I revised the code for rotating ROI detection, but angle is not correct. Can someone help me to correct it ? @AlexeyAB

dselivanov commented 4 years ago

@zcrnudt which code did you revise? what is incorrect? it is completely unclear what do you ask.

zcrnudt commented 4 years ago

Add angle parameter to the model (x,y,w,h) as (x,y,w,h,a), but the angle cannot converge in training step.@dselivanov

jamessmith90 commented 4 years ago

This is pending for last 1 year. Any progress ?

dselivanov commented 4 years ago

@jamessmith90 task for whom? Feel free to contribute code, this is open source project.

jamessmith90 commented 4 years ago

The fact that @BGA3 has not updated the code for rotation.

robosina commented 4 years ago

@AlexeyAB , @dselivanov I have added rotation support in detection mode and make a pull request in this link but I would also like to implement this requested enhancement. As far as I looked in comments I can't find any fork that make progress on it, If there isn't any fork in this issue so I will deploy rotated bounding box from scratch.(I think in some tasks makes convergence faster and maybe better accuracy)

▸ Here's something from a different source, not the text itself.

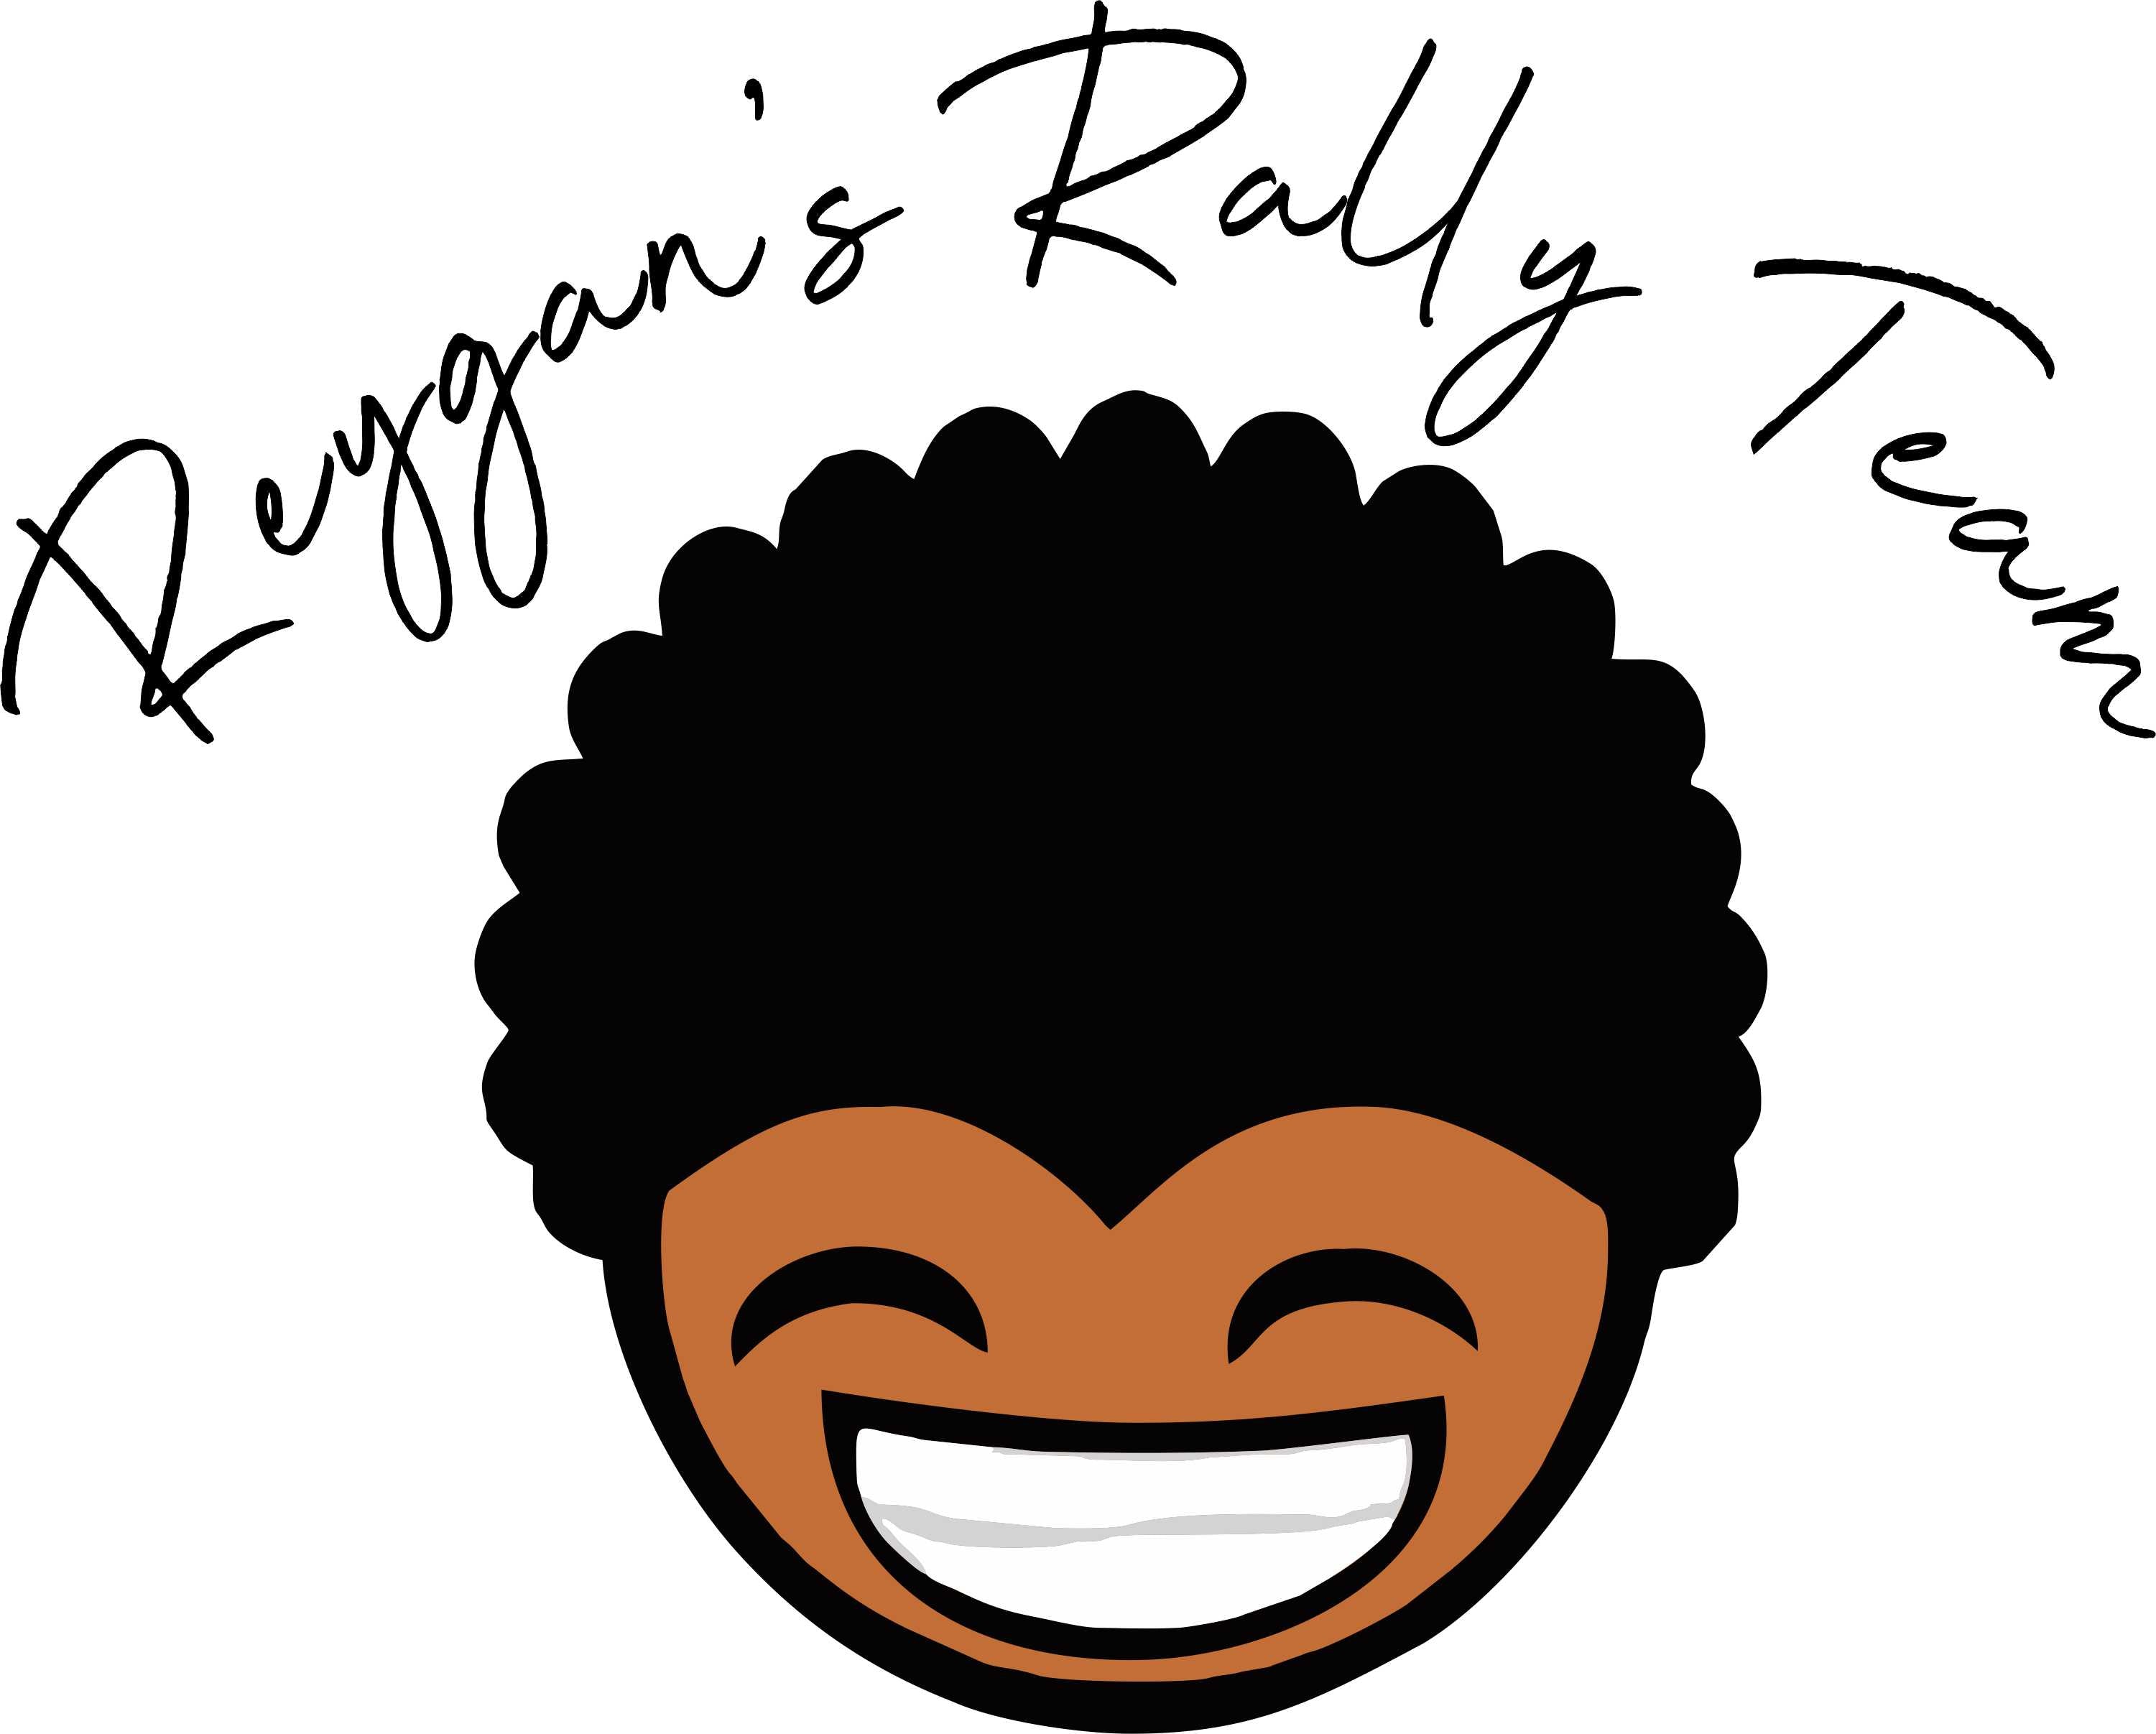 Reygan's Rally Team

It seems that we have to work on labeling procedure too.

dselivanov commented 4 years ago

@robosina there is some relevant discussion here https://github.com/AlexeyAB/darknet/issues/4360#issuecomment-561694190. In our case we have great success with rotated boxes. We even submitted paper to ECCV this year but got "border reject" due to "not enough scientific novelty" (but at the same time I've seen so many bullshit papers accepted).

However I haven't seen any serious attempts to implement it within darknet framework. Initially (~ 1.5 year ago) I've tried to do so but gave up as calculations related to the b-boxes are hardcoded in quite a lot of places. I'm not that comfortable with darknet codebase.

HFVladimir commented 3 years ago

@dselivanov Hi! I've read all discussions here about rotated bboxes, still haven't found worked solution. Trying to implement it by my own. As I understood you have some working solution on pytorch as shown at #4360. Could you please share some code how you did that or at least that public implementation I could get as starting point. It would be very helpfull for me, if I had it would match it with current C code and make a PR.

dselivanov commented 3 years ago

@HFVladimir unfortunately I can't share code as it belongs to the company. But overall logic is described in #4360 - you need just to add one extra parameter for the angle.

predicted_angle = sigmoid(raw_yolo_layer_output)
angle_loss = sin(predicted_angle - true_angle) ^ 2

We've tried logistic and tanh for sigmoid activation. Haven't noticed any significant difference between them.